## Aim of the task
Transcribe the listing verbatim, please, with images dropped.

## Provided material

◆ ◆ ◆ ◆ ◆

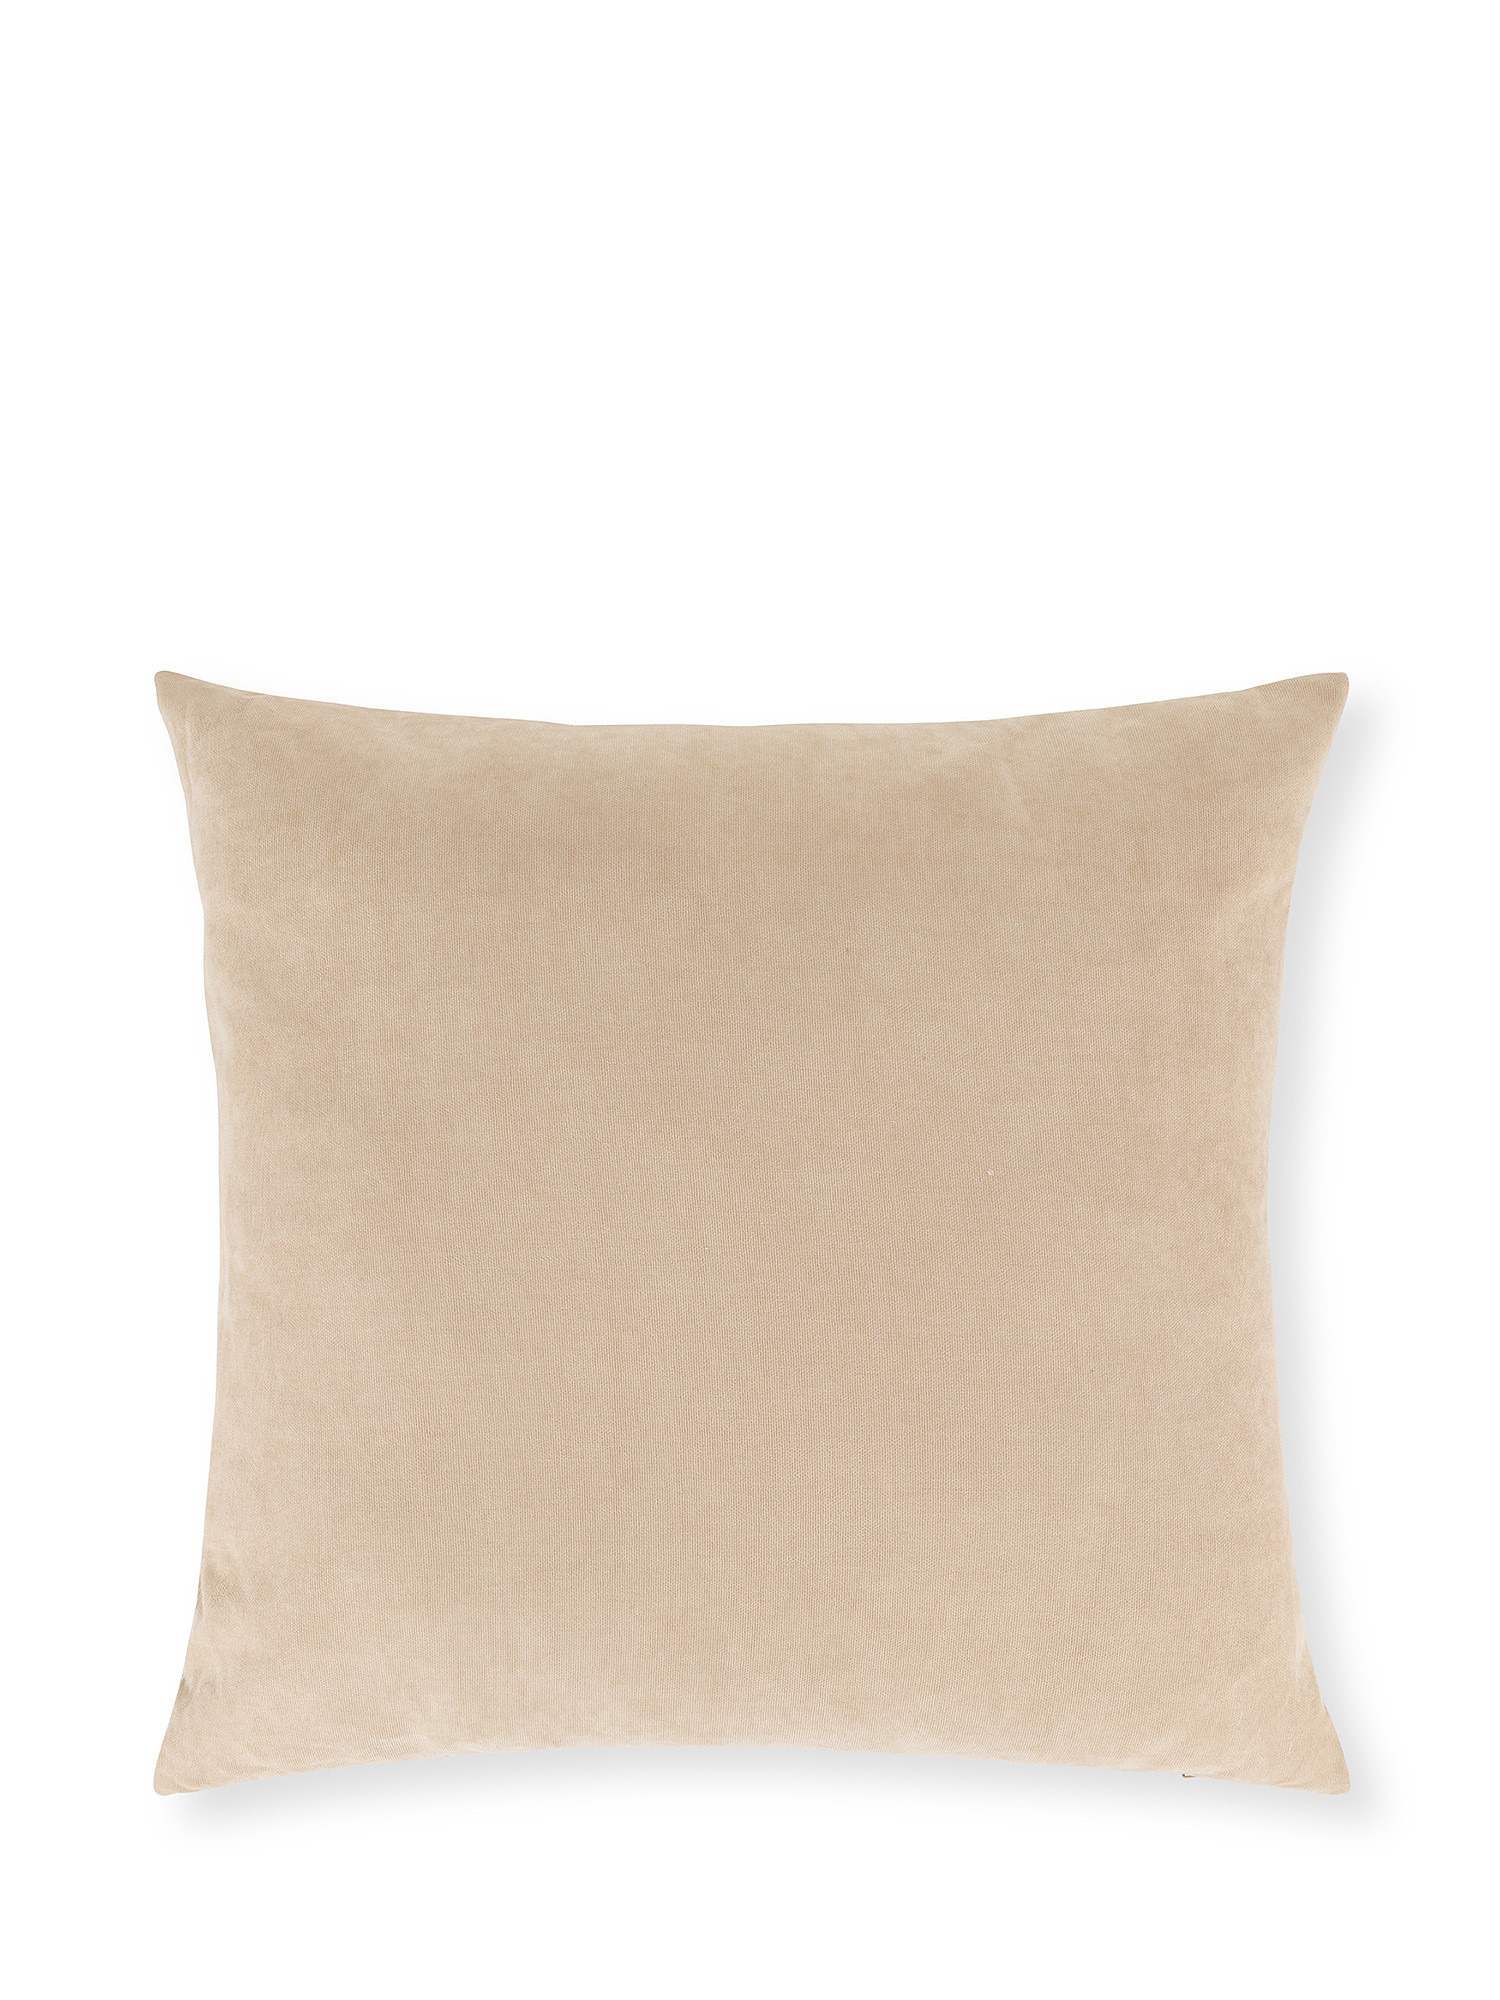 Embossed jacquard linen blend cushion 50x40cm, Beige, large image number 1
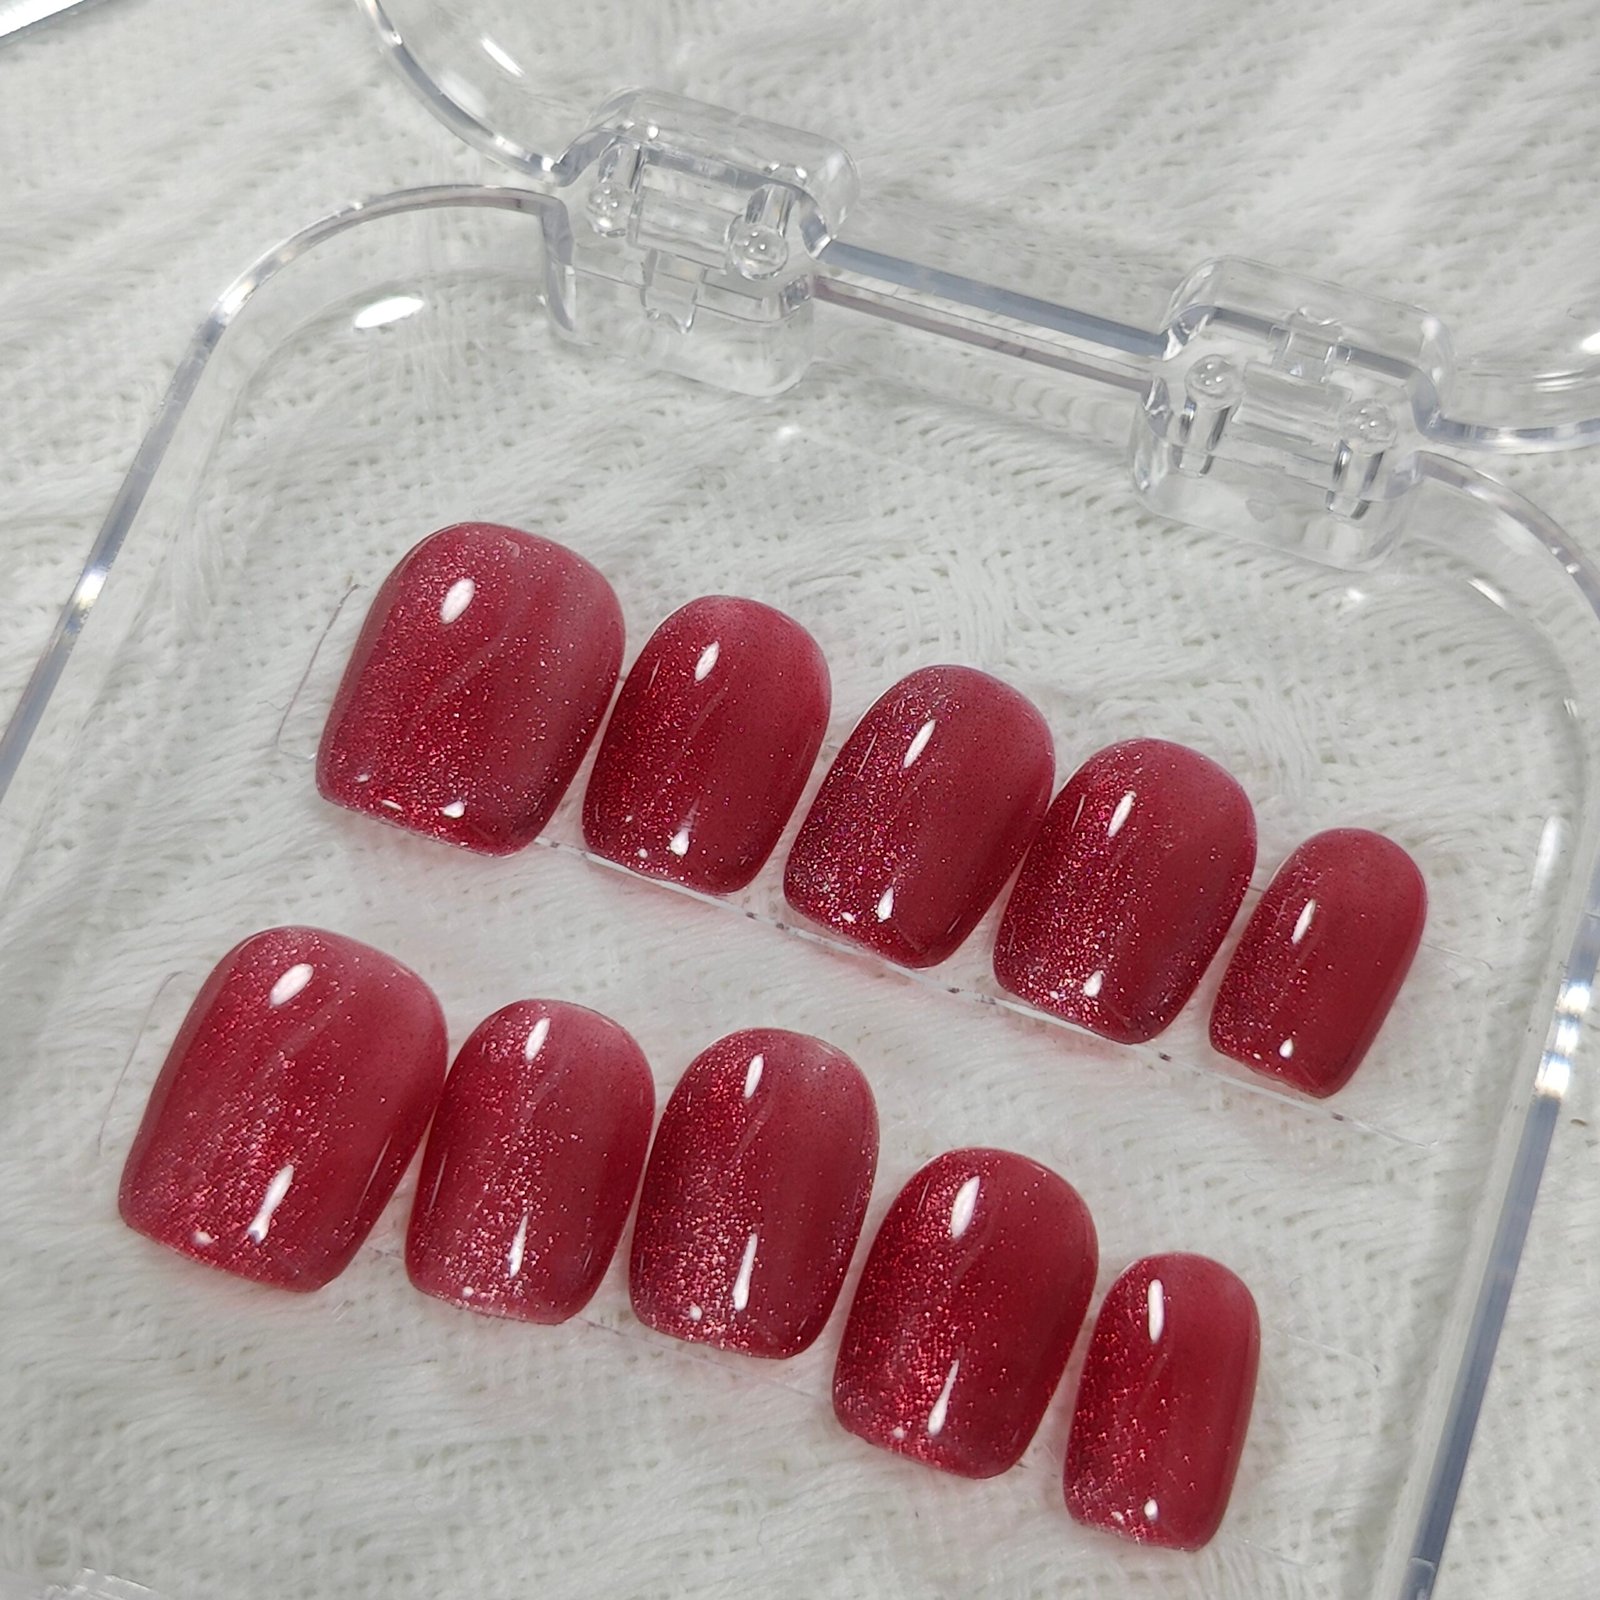 raspberry color velvet cat eye short coffin press on nails
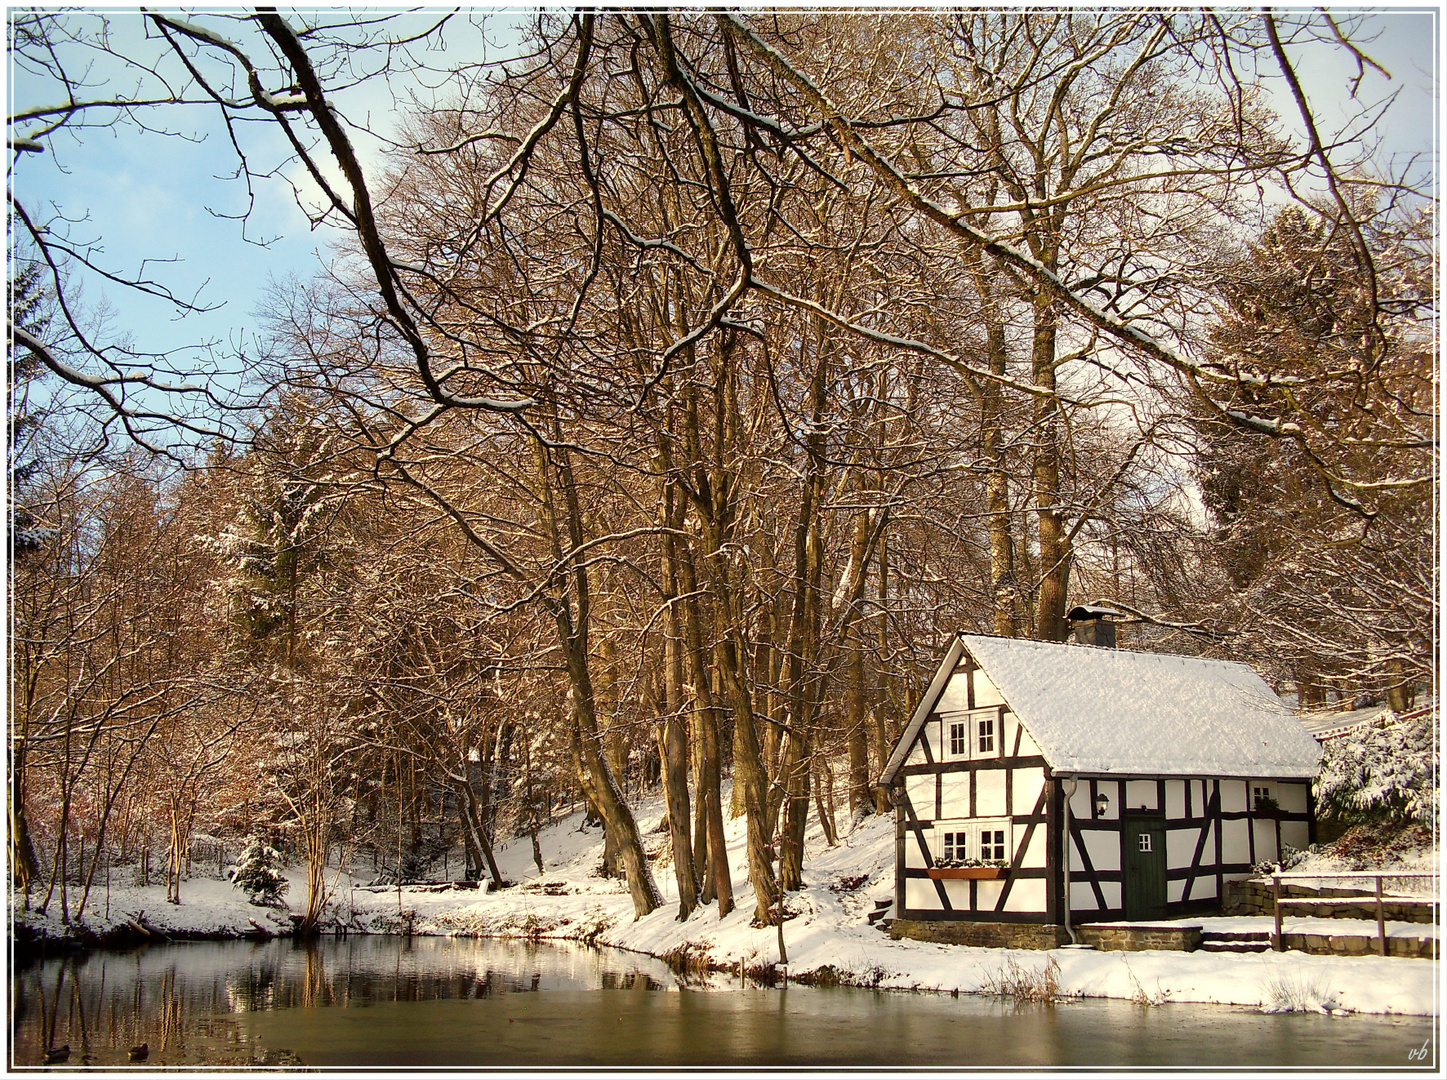 Backes von Oberholzklau im Winter (Bild aus Wikipedia)
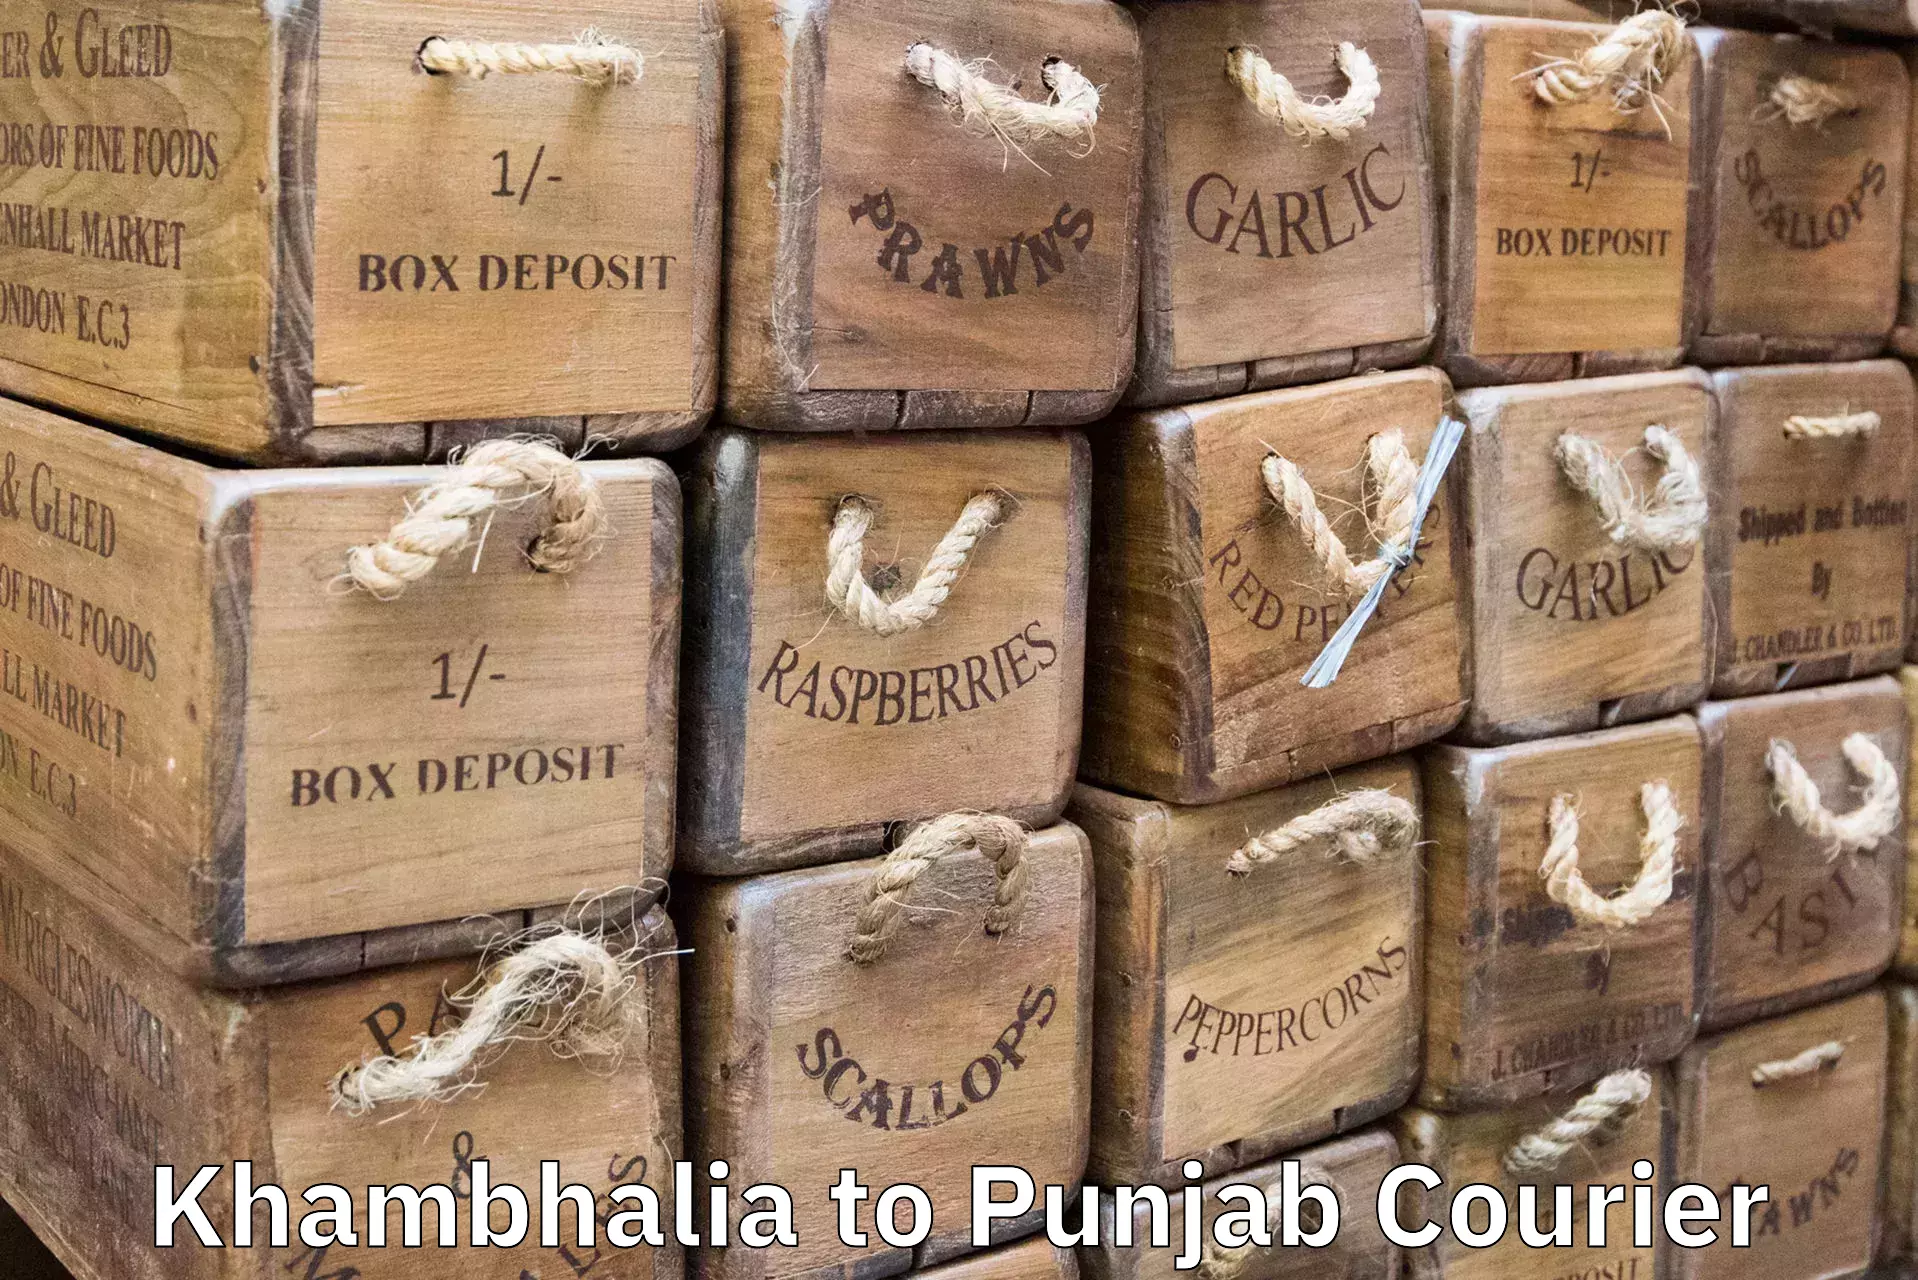 Luggage shipment specialists Khambhalia to Punjab

◆ ◆ ◆ ◆ ◆

## Task answer
 Embossed jacquard linen blend cushion 50x40cm, Beige, large image number 1
 raspberry color velvet cat eye short coffin press on nails
 Backes von Oberholzklau im Winter (Bild aus Wikipedia)
 Luggage shipment specialists Khambhalia to Punjab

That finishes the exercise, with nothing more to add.